In providing this accommodation to reconcile non-GAAP financial measures to provisional amounts or estimated ranges, the Division staff noted that companies “should limit the measures in its presentation to those non-GAAP financial measures it is using to report financial results to the Board of Directors.” The Guidance emphasizes that companies should not present non-GAAP financial measures or metrics for the sole purpose of presenting a more favorable view of the company. Rather, companies should use non-GAAP financial measures and performance metrics for the purpose of sharing with investors how management and the board are analyzing the current and potential COVID-19-related impacts on the company’s financial condition and operating results.
Joint statement regarding manual signature compliance
Rule 302(b) of Regulation S-T requires that each signatory to documents electronically filed with the Commission under the federal securities laws manually sign a signature page or other document before or at the time the electronic filing is made, authenticating, acknowledging, or otherwise adopting his or her signature that appears in typed form within the electronic filing. Electronic filers must retain such documents for a period of five years and furnish copies to the Commission or its staff upon request.

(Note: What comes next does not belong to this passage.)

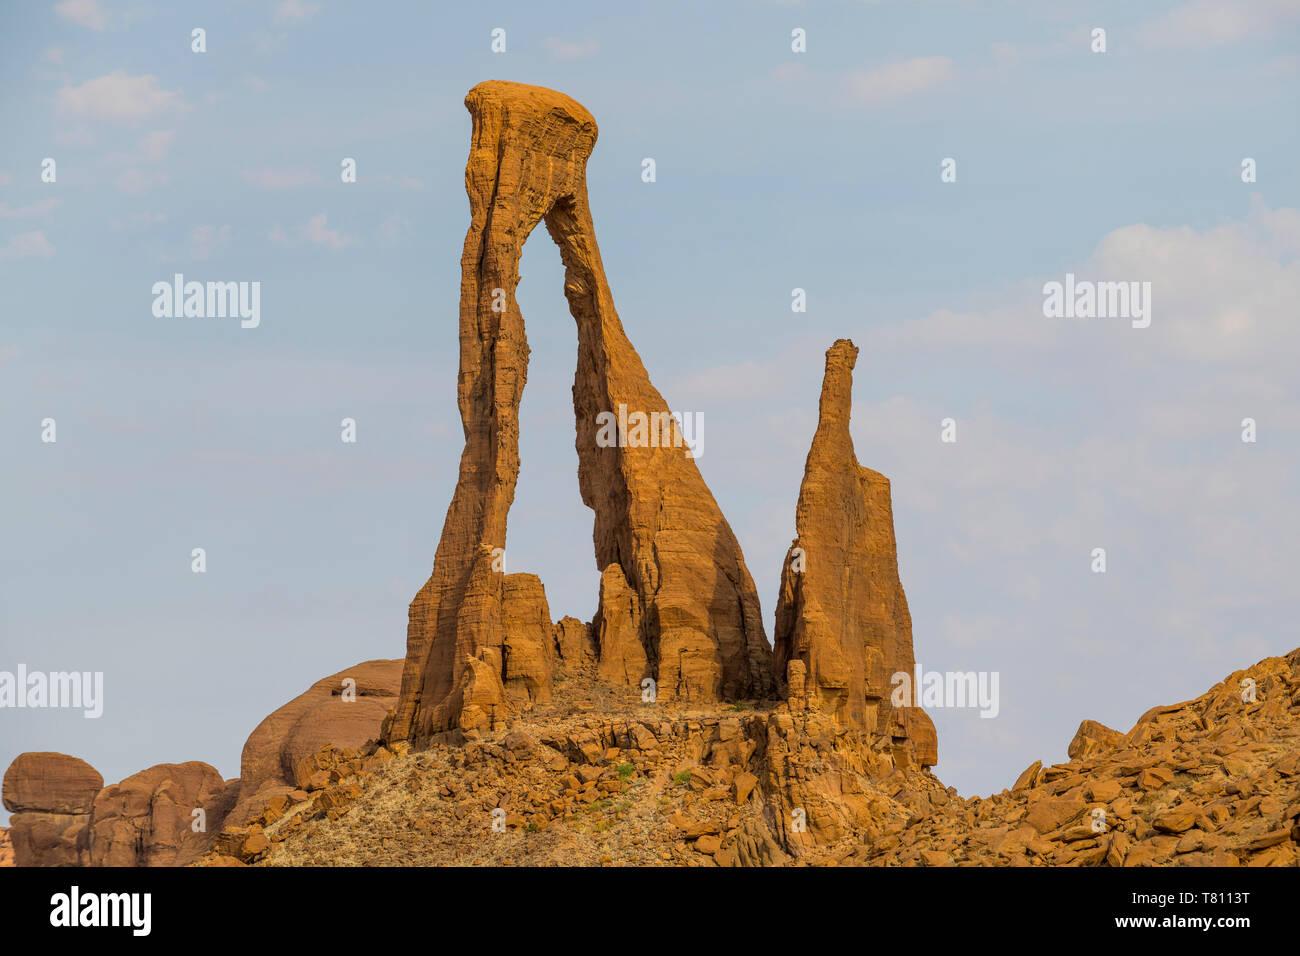 La Meseta de Ennedi, Sitio del Patrimonio Mundial de la UNESCO, la región de Ennedi, Chad, África Foto de stock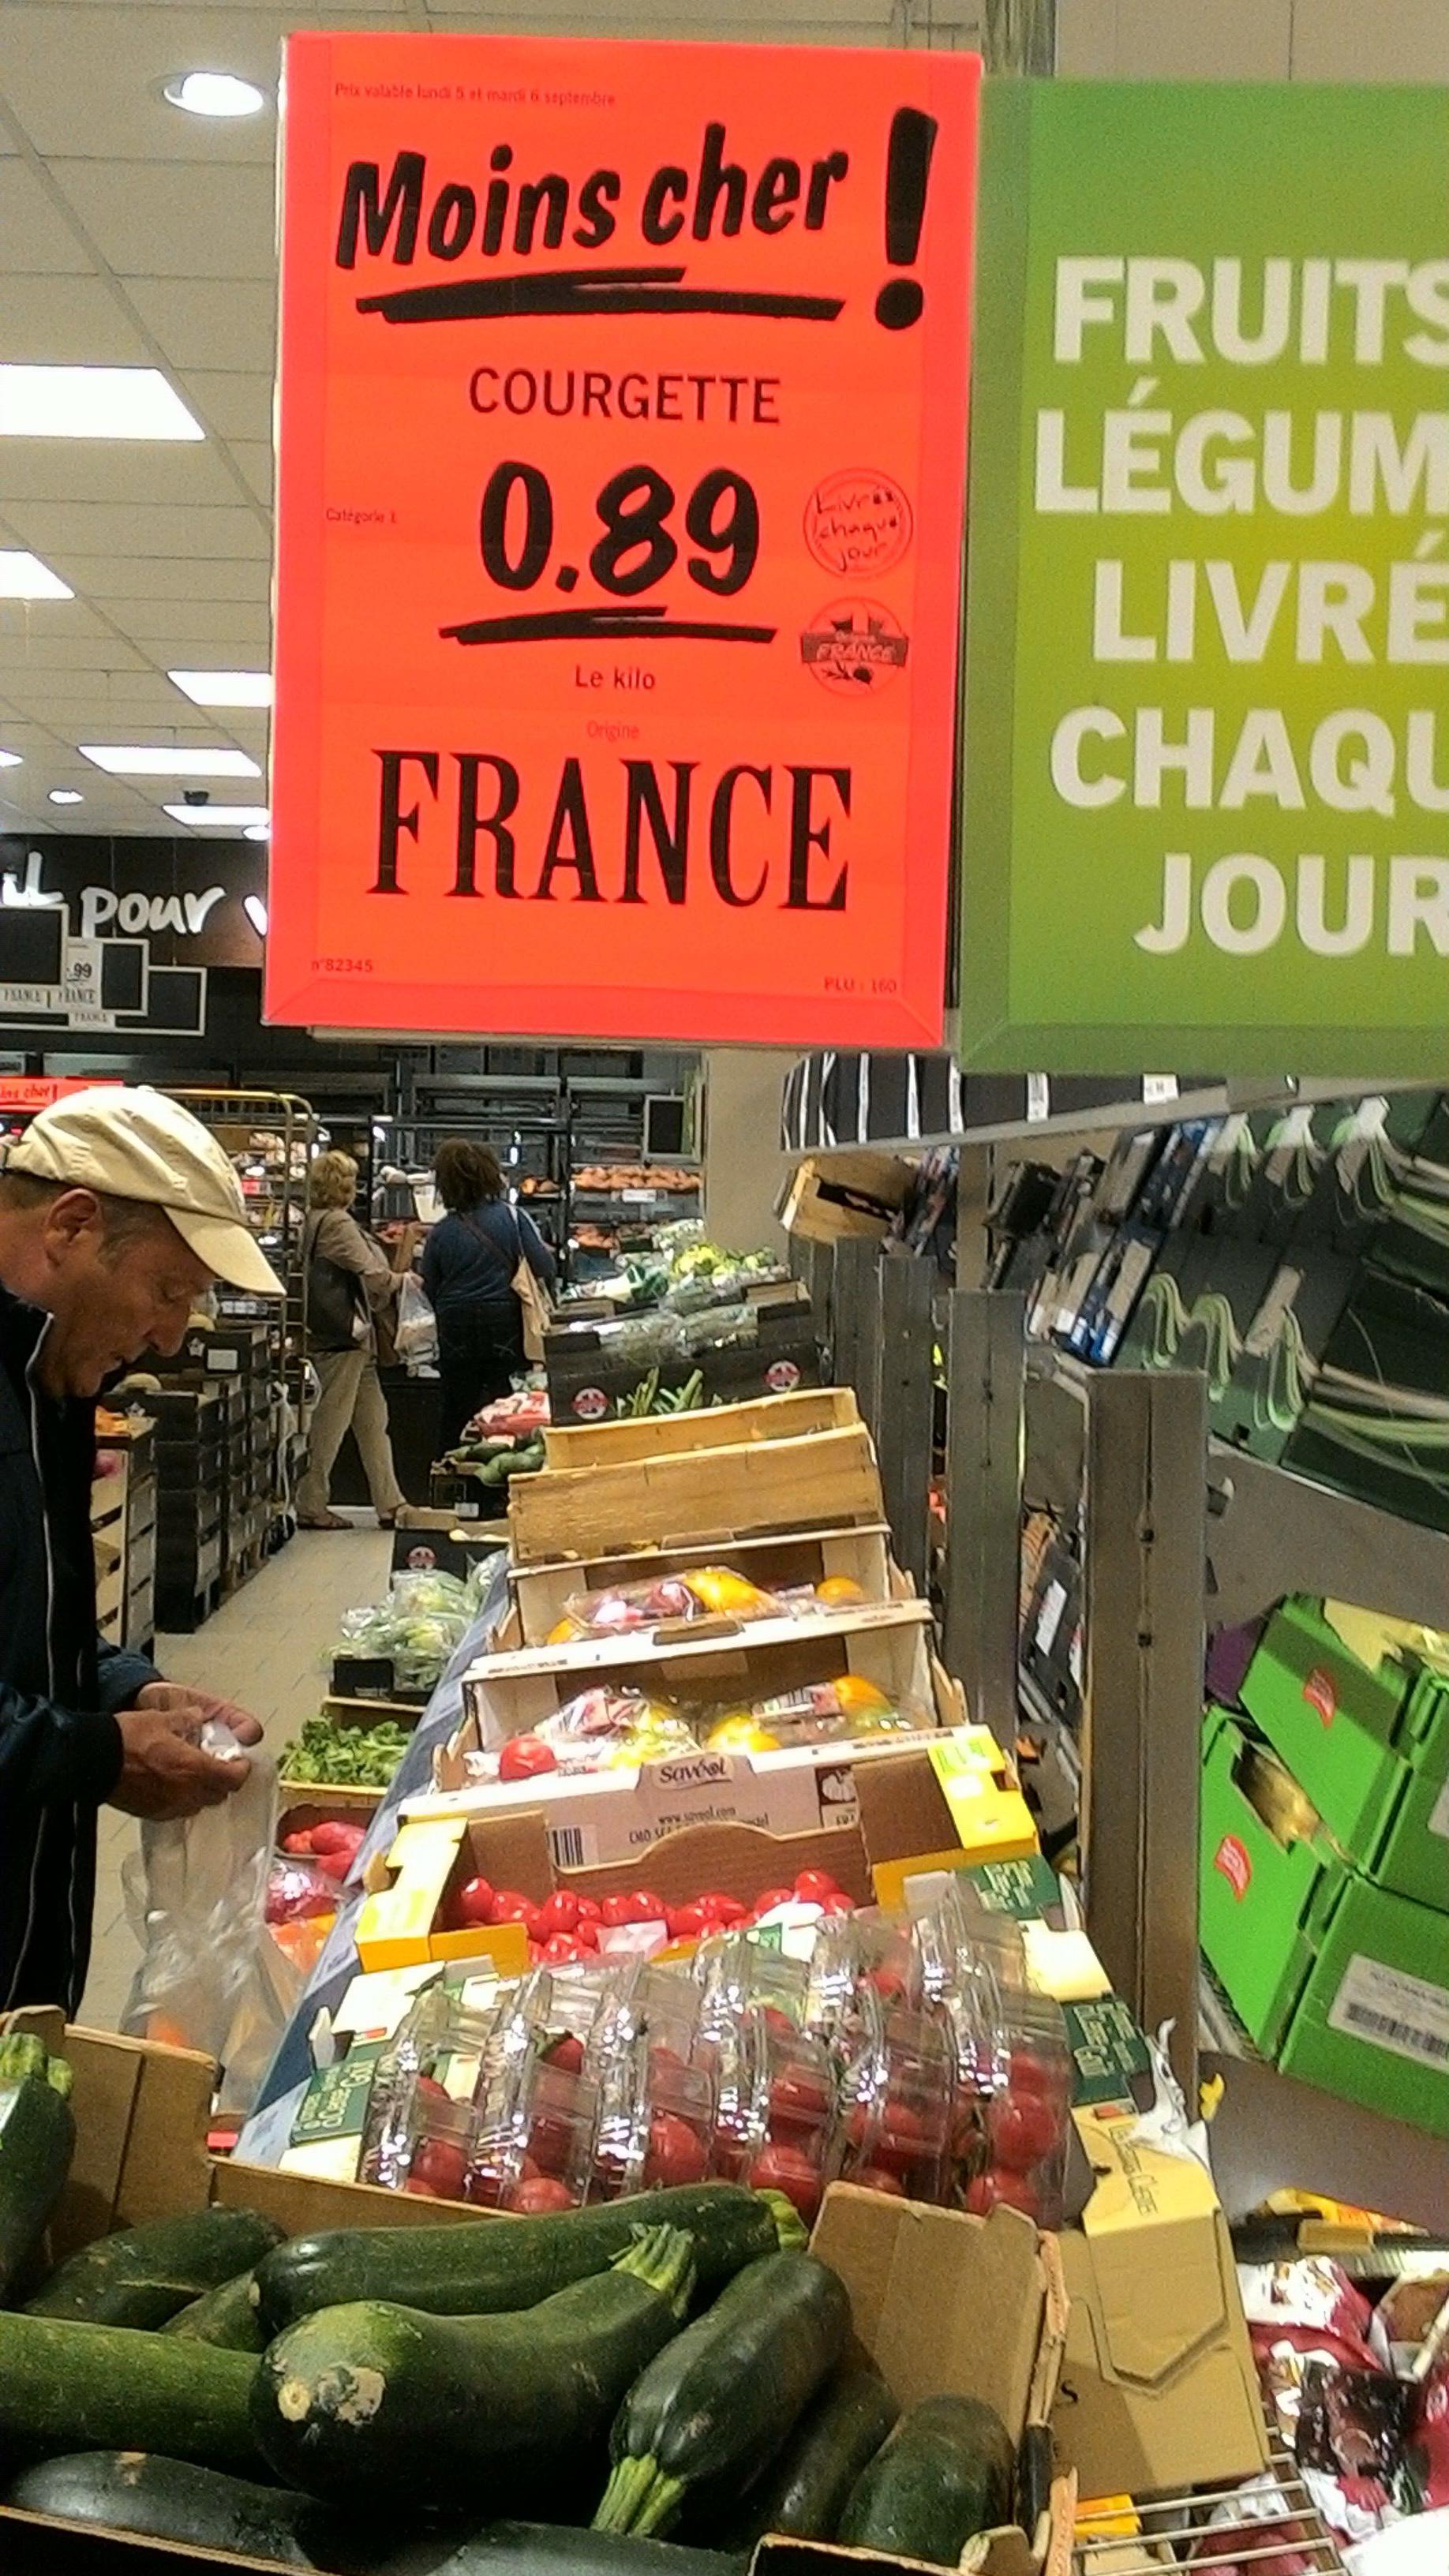 Le kilo de Courgette origine France

In response to inquiries from entities subject to Regulation S-T regarding the authentication document retention requirements under Rule 302(b) in light of COVID-19-related impacts and difficulties, the staff of the Division of Corporation Finance, the Division of Investment Management, and the Division of Trading and Markets issued a joint statement that they will not recommend the Commission take enforcement action with respect to the requirements of Rule 302(b) if:
- A signatory retains a manually signed signature page or other document authenticating, acknowledging, or otherwise adopting his or her signature that appears in typed form within the electronic filing and provides such document, as promptly as reasonably practicable, to the filer for retention in the ordinary course pursuant to Rule 302(b);
- Such document indicates the date and time when the signature was executed; and
- The filer establishes and maintains policies and procedures governing this process. The signatory may also provide to the filer an electronic record (such as a photograph or pdf) of such document when it is signed.
To ensure the ability to utilize the relief provided in the joint statement, we recommend that companies either add to their existing policy or establish a temporary policy that sets forth appropriate procedures for authorizing the filing of reports under the federal securities laws by manual signatures of authorized personnel working remotely.